Громкоговоритель . Пассажиры, отъезжающие на Тулузу, Безье, Каркассон, посадка с седьмого пути. Поезд прибывает на станцию.
Другой громкоговоритель (повторяет вдали) . Пассажиры, отъезжающие на Тулузу, Безье, Каркассон, посадка с седьмого пути. Поезд прибывает на станцию. В широко распахнутую дверь на перрон проходят актеры труппы со своими чемоданами.
Первая девушка . Быстрее, милочка. Нам придется стоять всю дорогу. Ну, конечно, звезды едут во втором классе. Интересно, кто доплачивает за их билеты, скажи, кто?
Вторая (продолжая свой рассказ) . Ну так вот, знаешь, что она мне сказала? Сказала: а мне наплевать. Уж я за себя постою…
Проходят. Входят мать и Венсан, нагруженные шляпными картонками, саквояжами.
Мать . Венсан, котик, где большой чемодан и зеленая картонка?
Венсан . У меня. Иди быстрее.
Мать . Будь осторожен, ремень ослабел. Помню, в Буэнос-Айресе шляпная картонка Сары раскрылась на перроне. Страусовые перья валялись повсюду, даже на рельсах…
Проходят. Вслед за ними идет отдувающийся толстяк, он кричит кому-то идущему сзади.
Дюлак . Быстрее, черт тебя побери, быстрее! И проверь вещи в багажном вагоне, чертов осел! Садись в хвост. Мы поедем в головных вагонах.
Эвридика (тихо). Вот они проходят перед нами, все действующие лица моей жизни…
Наконец, по сцене пробегает, не в силах бежать, жалкий, смешной молоденький администратор, он тащит слишком много чемоданов и свертков, которые то и дело падают у него из рук. И все это под аккомпанемент гудков приближающегося поезда и отдаленных криков.
Эвридика (тихо, Орфею). Закройте дверь.
Орфей закрывает дверь, и сразу со всех сторон их обступает тишина.
Ну вот. Теперь мы одни на целом свете.
Громкоговоритель (где-то вдалеке) . Пассажиры, отъезжающие на Тулузу, Безье, Каркассон, посадка с седьмого пути. Поезд прибывает на станцию.
Орфей тихо подходит к Эвридике. Грохот поезда, прибывающего на станцию, и вдруг - крик, крик, переходящий в вопль, который все растет и вдруг сменяется зловещей тишиной. Кассирша встает со своего табурета, пытаясь разглядеть, что произошло. По сцене пробегает официант.

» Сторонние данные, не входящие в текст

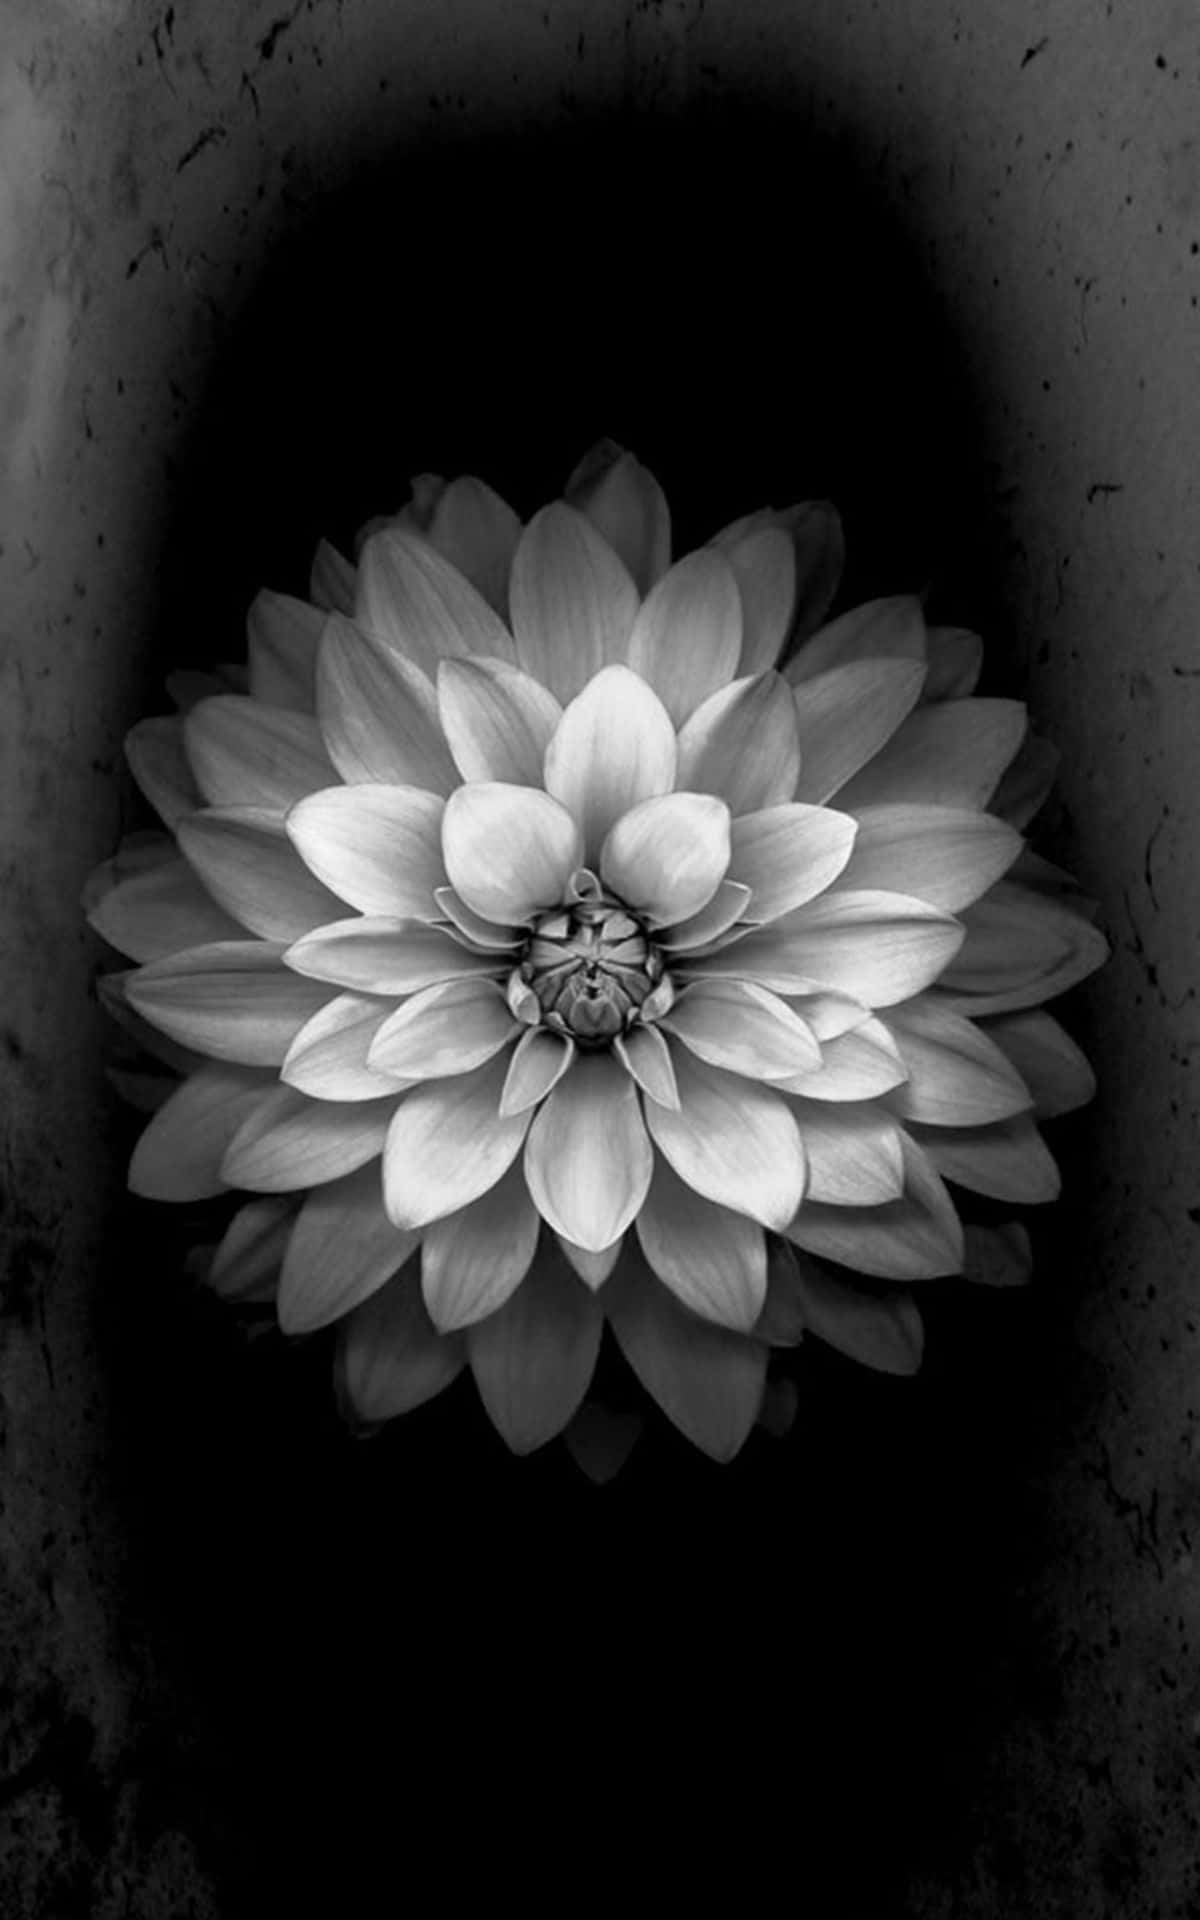 Black And White Lotus Flower Iphone Wallpaper

Официант (кричит им на ходу) . Кто-то бросился под скорый, какой-то молодой человек!
По перрону бегут люди. Орфей и Эвридика стоят лицом к лицу, не смея взглянуть друг на друга, не произнося ни слова: На перроне появляется молодой человек в плаще; он входит, закрывает дверь, смотрит на них.
Эвридика (тихо). Я ничего но могла поделать, я любила тебя, а его не любила.
Пауза, они смотрят прямо перед собой.
Молодой человек . (подходит к ним; бесстрастным голосом, не сводя с них взгляда). Он бросился под паровоз. Он умер сразу, от удара.
Эвридика . Какой ужас!
Молодой человек . Нет, он выбрал вовсе не плохой способ. Яд действует медленно, от него долго мучаются. И потом рвота, судороги - все это омерзительно. И снотворное то же самое - некоторые люди думают, что они заснут, и все. Просто смешно! Умирают с икотой, с дурными запахами. (Подходит ближе, спокойный, улыбающийся.) Поверьте мне… легче всего, когда очень устал, когда долго шел и шел с одной и той же неотвязной мыслью, легче всего - скользнуть в воду, как в мягкую постель… Задыхаешься, но не больше секунды, зато какие великолепные видения… А потом засыпаешь. Наконец-то!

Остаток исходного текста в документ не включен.